(Stored items from a collection)
▶

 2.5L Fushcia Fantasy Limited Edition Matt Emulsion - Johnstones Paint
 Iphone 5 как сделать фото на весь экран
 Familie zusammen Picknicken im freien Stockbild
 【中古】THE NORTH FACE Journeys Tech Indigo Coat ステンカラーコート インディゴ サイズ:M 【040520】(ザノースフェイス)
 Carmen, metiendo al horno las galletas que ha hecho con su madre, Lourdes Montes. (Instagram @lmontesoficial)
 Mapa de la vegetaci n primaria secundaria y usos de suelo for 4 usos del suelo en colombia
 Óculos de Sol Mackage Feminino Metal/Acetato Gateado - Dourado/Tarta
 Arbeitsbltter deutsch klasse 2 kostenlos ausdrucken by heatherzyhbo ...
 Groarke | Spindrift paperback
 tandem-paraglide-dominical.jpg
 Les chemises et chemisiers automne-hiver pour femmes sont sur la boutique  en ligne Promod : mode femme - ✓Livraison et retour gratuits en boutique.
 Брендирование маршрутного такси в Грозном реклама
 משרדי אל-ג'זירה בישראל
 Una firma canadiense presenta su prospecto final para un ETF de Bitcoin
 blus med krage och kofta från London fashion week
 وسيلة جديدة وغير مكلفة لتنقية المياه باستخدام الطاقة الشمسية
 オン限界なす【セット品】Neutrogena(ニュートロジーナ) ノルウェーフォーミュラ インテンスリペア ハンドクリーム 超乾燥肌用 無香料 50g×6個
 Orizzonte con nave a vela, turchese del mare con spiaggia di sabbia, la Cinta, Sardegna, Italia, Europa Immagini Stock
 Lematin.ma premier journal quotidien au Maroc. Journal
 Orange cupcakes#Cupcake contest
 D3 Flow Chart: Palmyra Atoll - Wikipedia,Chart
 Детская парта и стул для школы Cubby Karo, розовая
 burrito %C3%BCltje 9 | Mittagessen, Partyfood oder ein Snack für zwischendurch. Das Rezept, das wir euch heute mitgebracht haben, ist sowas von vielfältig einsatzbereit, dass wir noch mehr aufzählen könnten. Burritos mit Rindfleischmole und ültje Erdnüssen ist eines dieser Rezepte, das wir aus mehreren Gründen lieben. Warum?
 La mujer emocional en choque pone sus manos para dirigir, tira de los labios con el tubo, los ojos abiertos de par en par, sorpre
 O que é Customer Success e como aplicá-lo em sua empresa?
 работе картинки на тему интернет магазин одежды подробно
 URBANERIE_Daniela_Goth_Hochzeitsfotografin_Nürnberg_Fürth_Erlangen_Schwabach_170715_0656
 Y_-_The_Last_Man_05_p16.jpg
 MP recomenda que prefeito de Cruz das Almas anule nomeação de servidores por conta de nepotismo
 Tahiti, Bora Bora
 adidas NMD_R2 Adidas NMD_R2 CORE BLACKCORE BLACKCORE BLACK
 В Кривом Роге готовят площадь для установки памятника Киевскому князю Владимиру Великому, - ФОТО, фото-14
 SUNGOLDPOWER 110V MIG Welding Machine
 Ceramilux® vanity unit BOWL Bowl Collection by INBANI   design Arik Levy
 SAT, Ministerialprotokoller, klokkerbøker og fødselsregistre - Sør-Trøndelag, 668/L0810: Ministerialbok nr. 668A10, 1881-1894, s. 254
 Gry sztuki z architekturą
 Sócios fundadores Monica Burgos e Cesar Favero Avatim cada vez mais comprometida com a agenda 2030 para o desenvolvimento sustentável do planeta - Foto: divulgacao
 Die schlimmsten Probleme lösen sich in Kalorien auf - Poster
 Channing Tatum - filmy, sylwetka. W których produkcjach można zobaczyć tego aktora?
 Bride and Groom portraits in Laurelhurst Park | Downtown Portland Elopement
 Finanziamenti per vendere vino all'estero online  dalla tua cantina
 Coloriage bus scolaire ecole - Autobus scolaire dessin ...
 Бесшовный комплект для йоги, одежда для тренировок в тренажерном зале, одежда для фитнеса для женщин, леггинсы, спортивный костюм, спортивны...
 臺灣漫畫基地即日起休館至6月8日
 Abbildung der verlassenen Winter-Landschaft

◀

What you have to do:
Go line by line through the data above and report each one that holds the string "фото".

Exercise result:
 Iphone 5 как сделать фото на весь экран
 В Кривом Роге готовят площадь для установки памятника Киевскому князю Владимиру Великому, - ФОТО, фото-14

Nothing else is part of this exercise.